To control for the influence of extended-release formulations, a sensitivity analysis was performed using only patients treated with immediate-release (IR) versions of tapentadol or oxycodone. After matching, 652 patients in the tapentadol IR group were compared with 1,272 patients in the oxycodone IR group. Post-matching SMDs were again below 0.1, confirming well-balanced groups (Supplementary Table 5, Supplementary Figure 2).

Results revealed that total ORADEs were higher in the tapentadol IR group: 16% vs 11.5% (P = 0.006; 95% CI 1.18–7.82%). This difference was mainly driven by a greater incidence of central nervous system (CNS) adverse events: 4.4% vs 1.8% (P = 0.002).

Discussion

This large-scale real-world analysis found no overall reduction in opioid-related adverse events among surgical inpatients treated with tapentadol compared to oxycodone. Rates of gastrointestinal adverse effects were comparable between groups, which aligns with findings from a 2021 cohort study of orthopedic patients that reported no difference in GI adverse events between the two drugs.

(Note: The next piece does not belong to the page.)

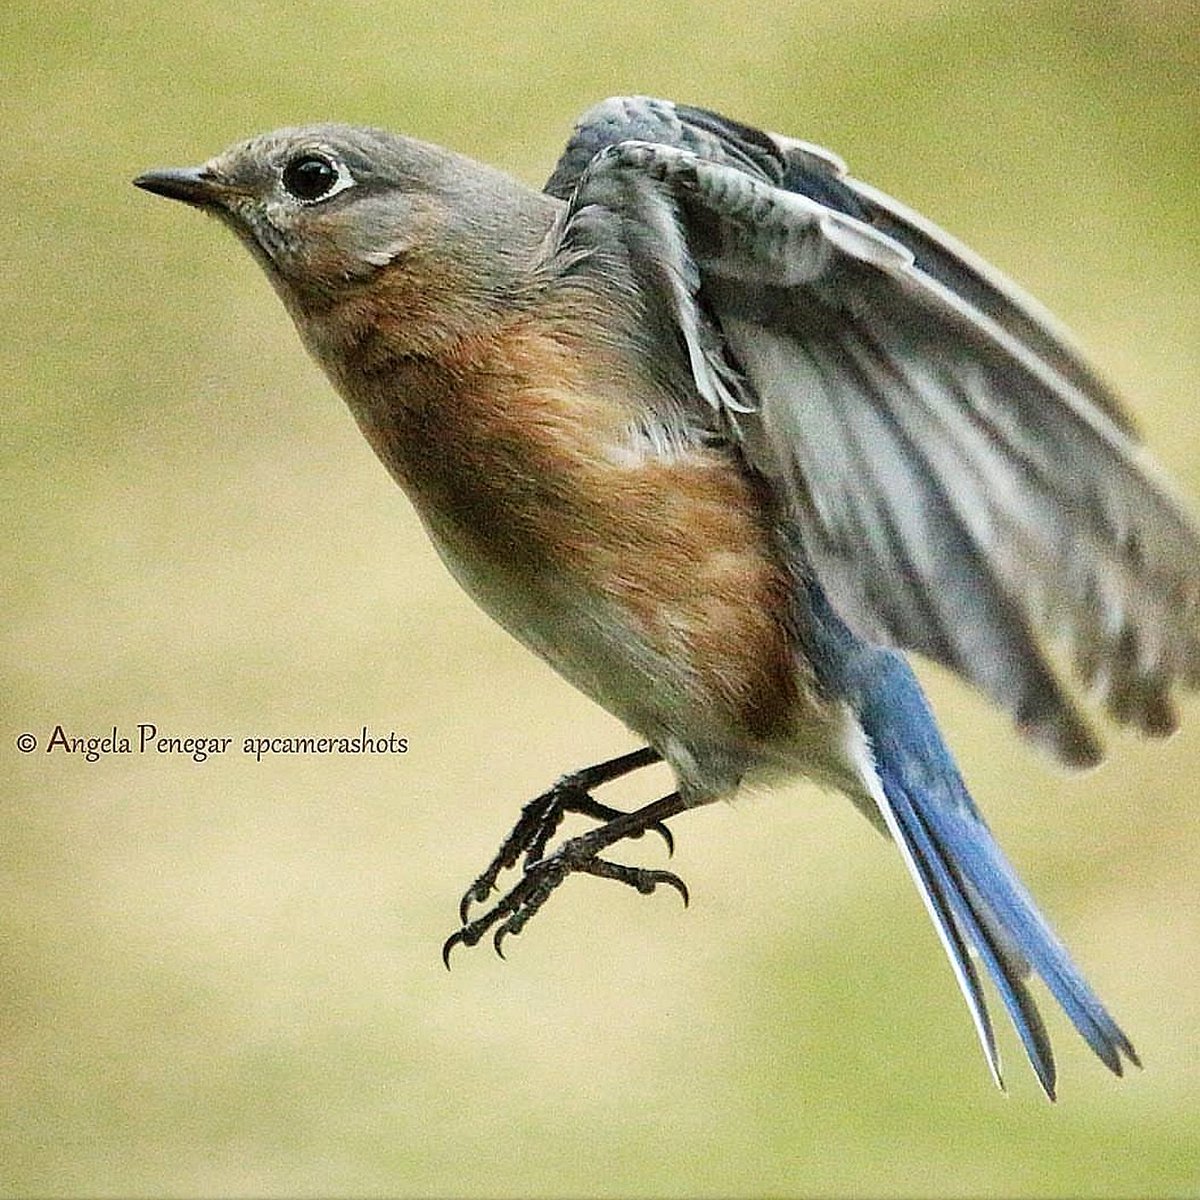 Hope all my #birdnerds are having a great #Thursdaymorning here's a #NC #bluebird beauty. One of my  #fav of the #featheredwingedfriends #nature #naturelovers #NaturePhotography  #Tweetups #birdsoftwitter #birdlove nice weather here #inthecarolinas
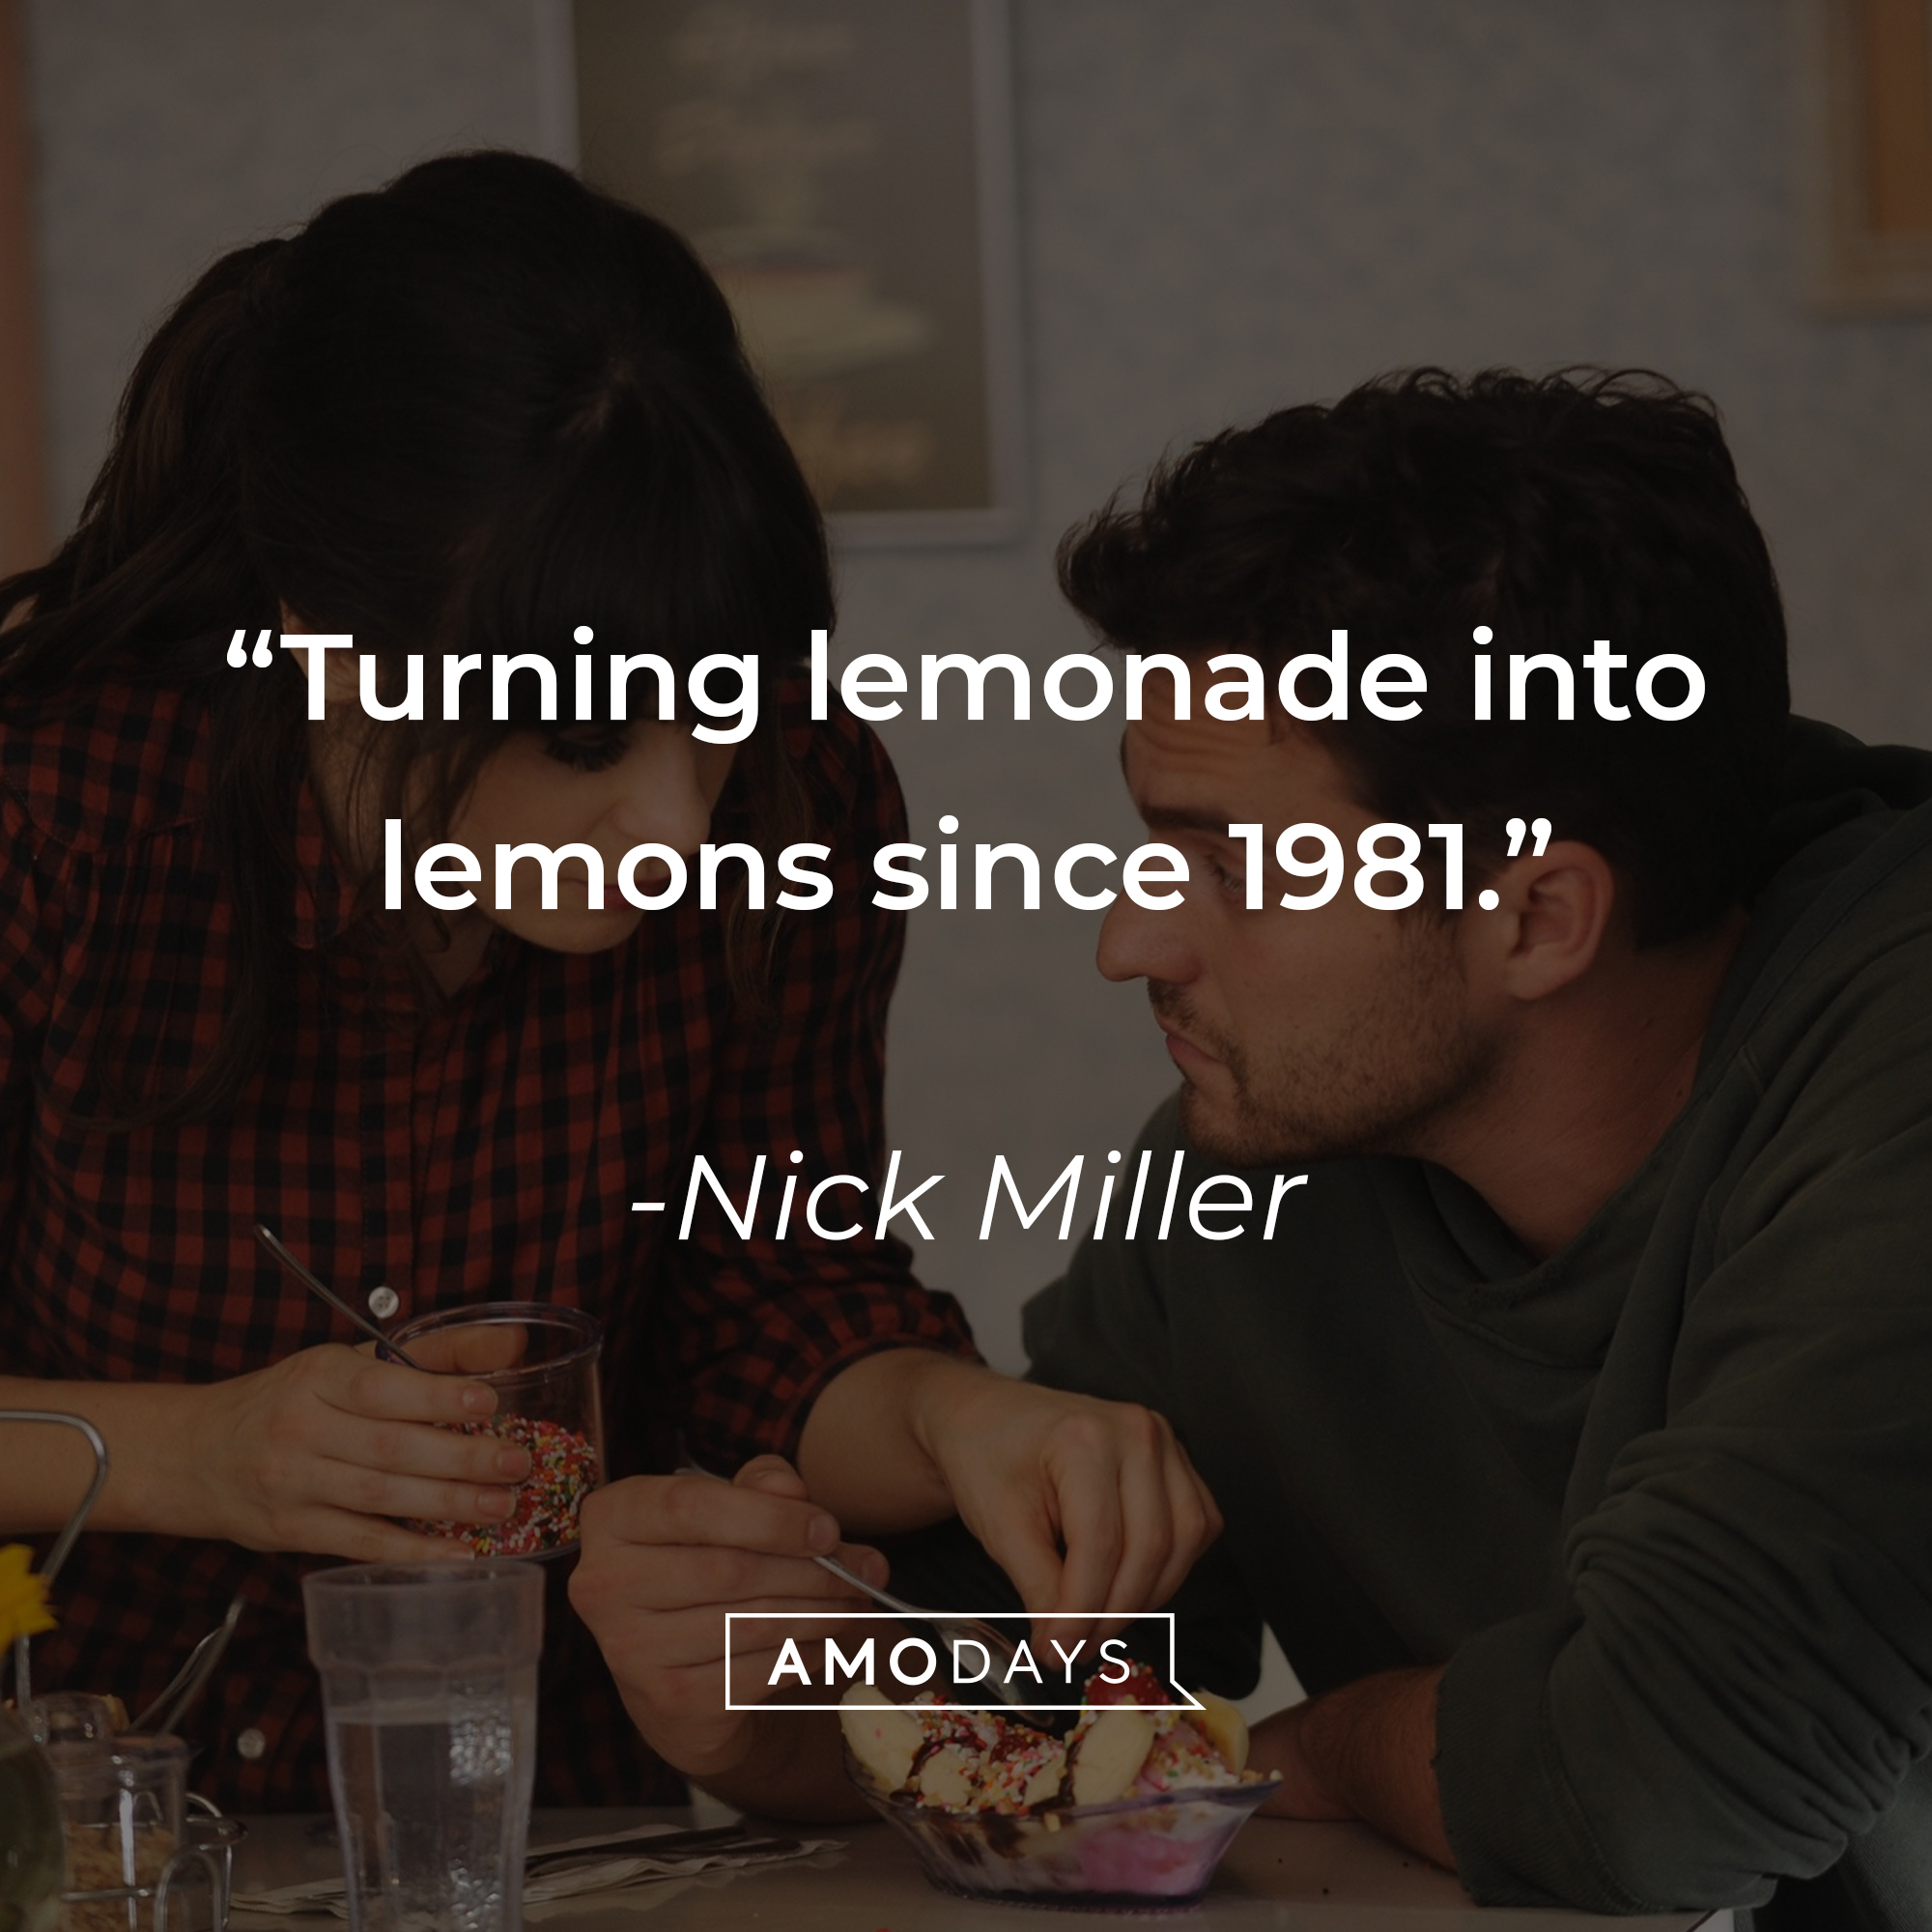 Nick Miller and Jessica Day,  with Miller’s quote: “Turning lemonade into lemons since 1981.”  |  Source: facebook.com/OfficialNewGirl

However, these results contrast with a 2020 meta-analysis of randomized controlled trials (RCTs) suggesting a better safety profile for tapentadol. One possible reason for this discrepancy is that laxatives were routinely co-administered in both real-world studies—including the present one—while in the RCTs, laxatives were not part of the protocol. Therefore, the gastrointestinal tolerability advantage observed in controlled trial settings may not be clinically relevant when supportive care such as laxatives is standard.